Top of Given data

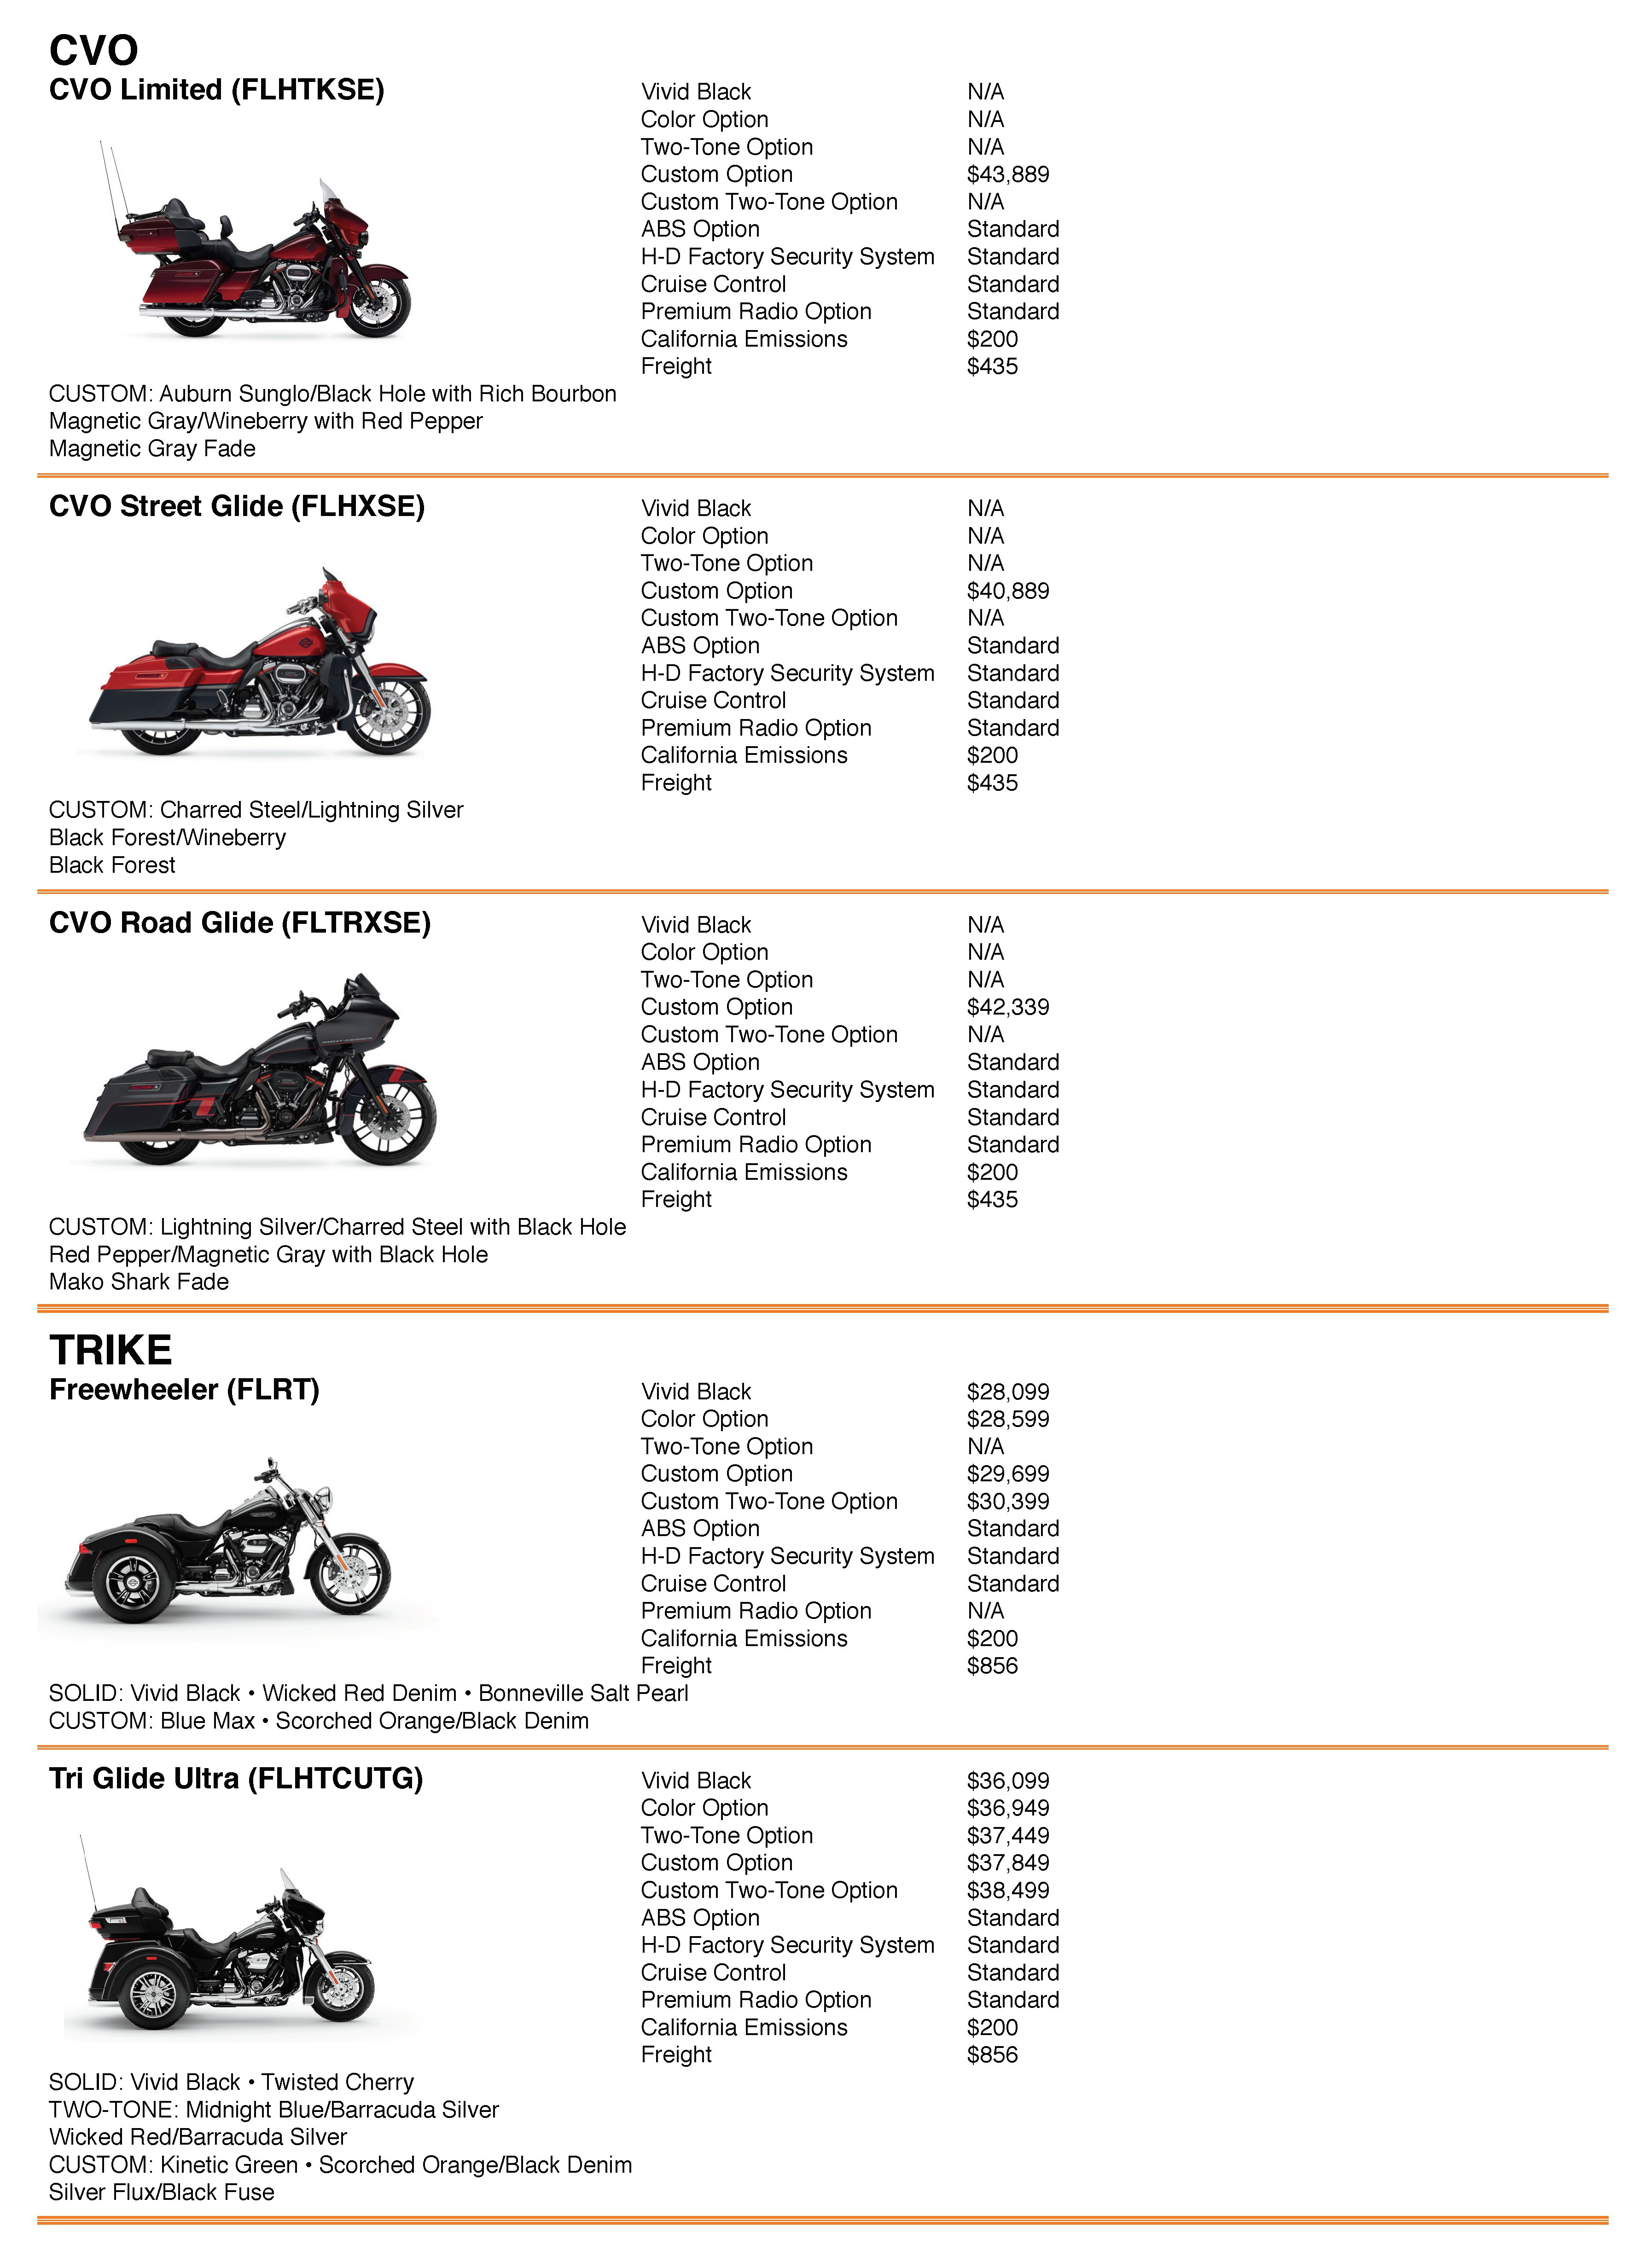 2005 Harley Davidson Color Chart
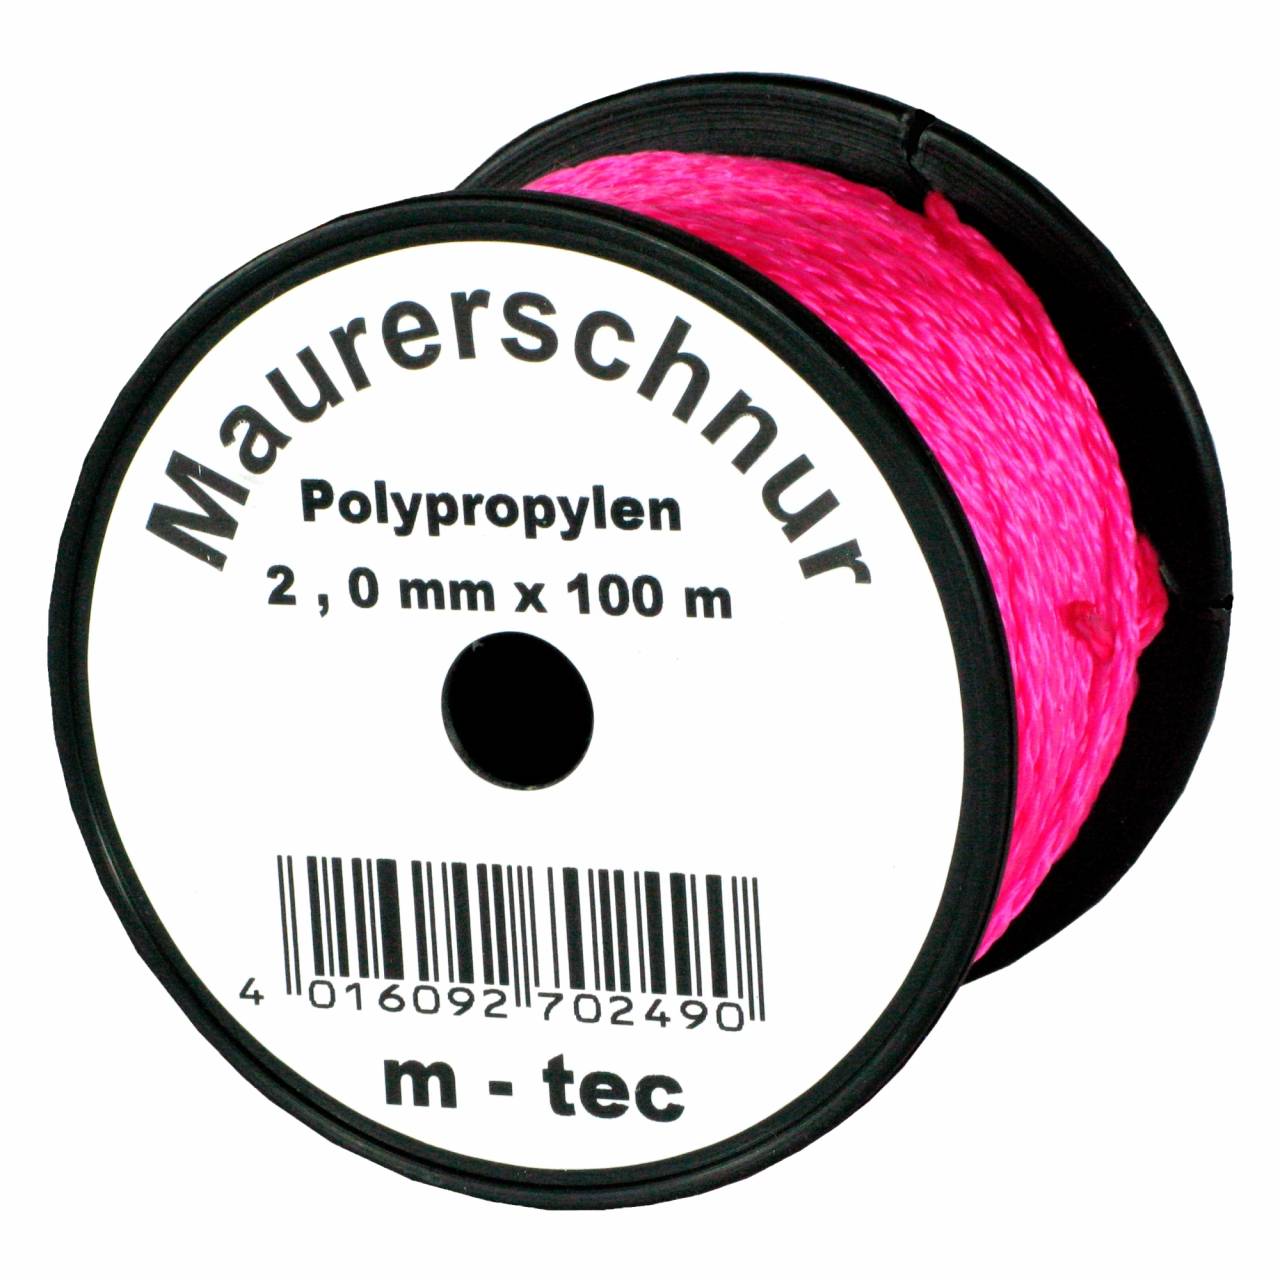 Lot-Maurerschnur 100 m x Ø 2,0 mm Pink-Fluoreszierend
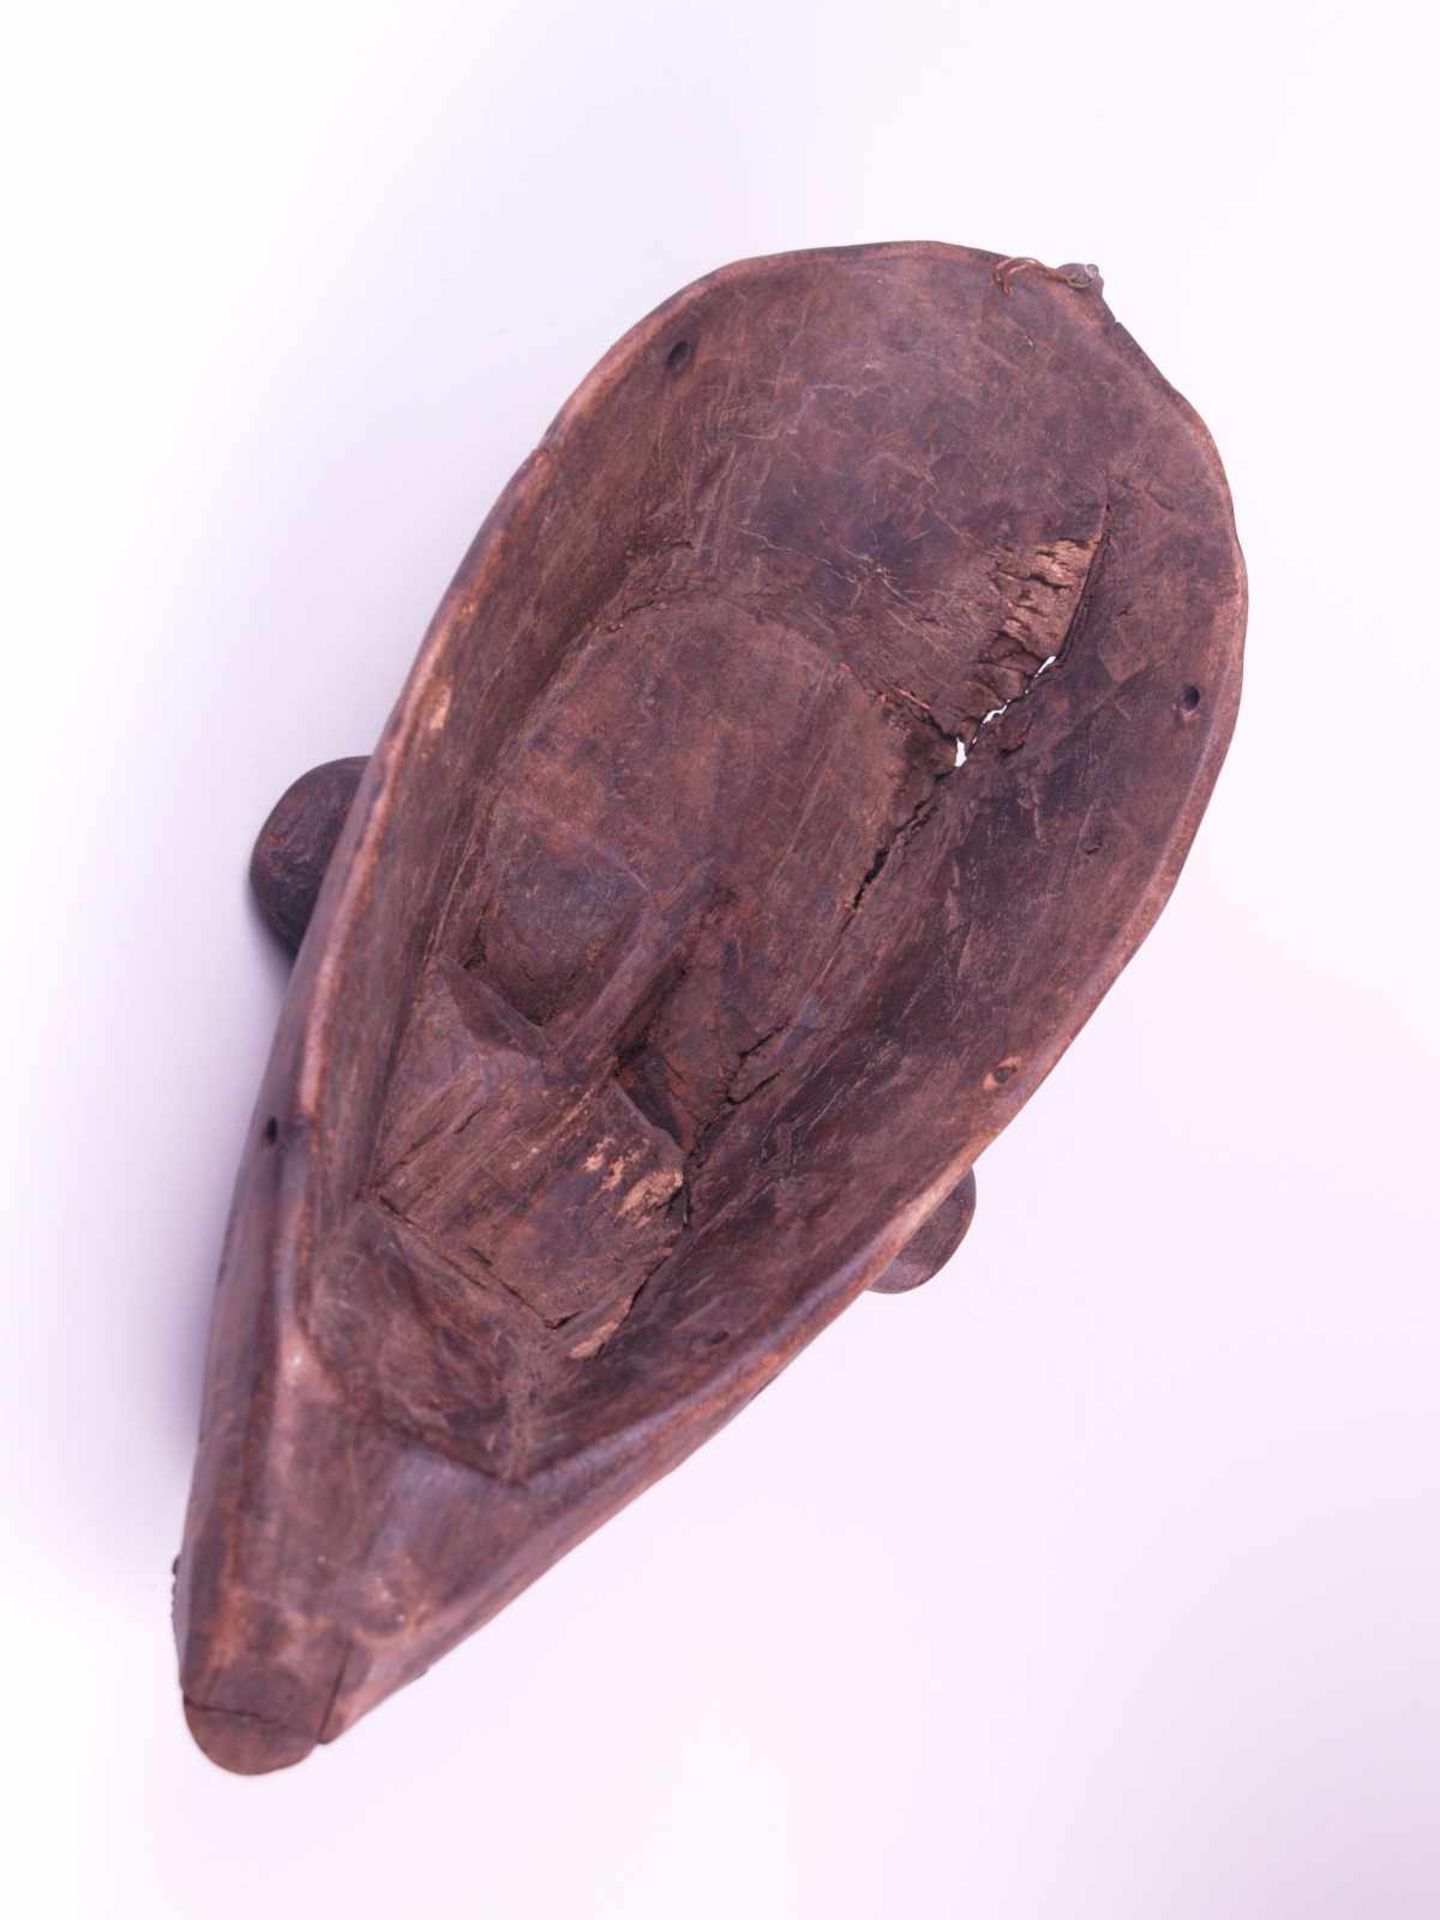 Gesichtsmaske - Mali,Bambara oder Marka, Holz geschnitzt mit Metallbeschlag an Lippen und - Bild 2 aus 4

Bottom of Given data

● Exercise brief: Images are to be left out; everything else in the material must be written out exactly.

● Answer to this task:
 2005 Harley Davidson Color Chart
 Lot-Maurerschnur 100 m x Ø 2,0 mm Pink-Fluoreszierend
 Gesichtsmaske - Mali,Bambara oder Marka, Holz geschnitzt mit Metallbeschlag an Lippen und - Bild 2 aus 4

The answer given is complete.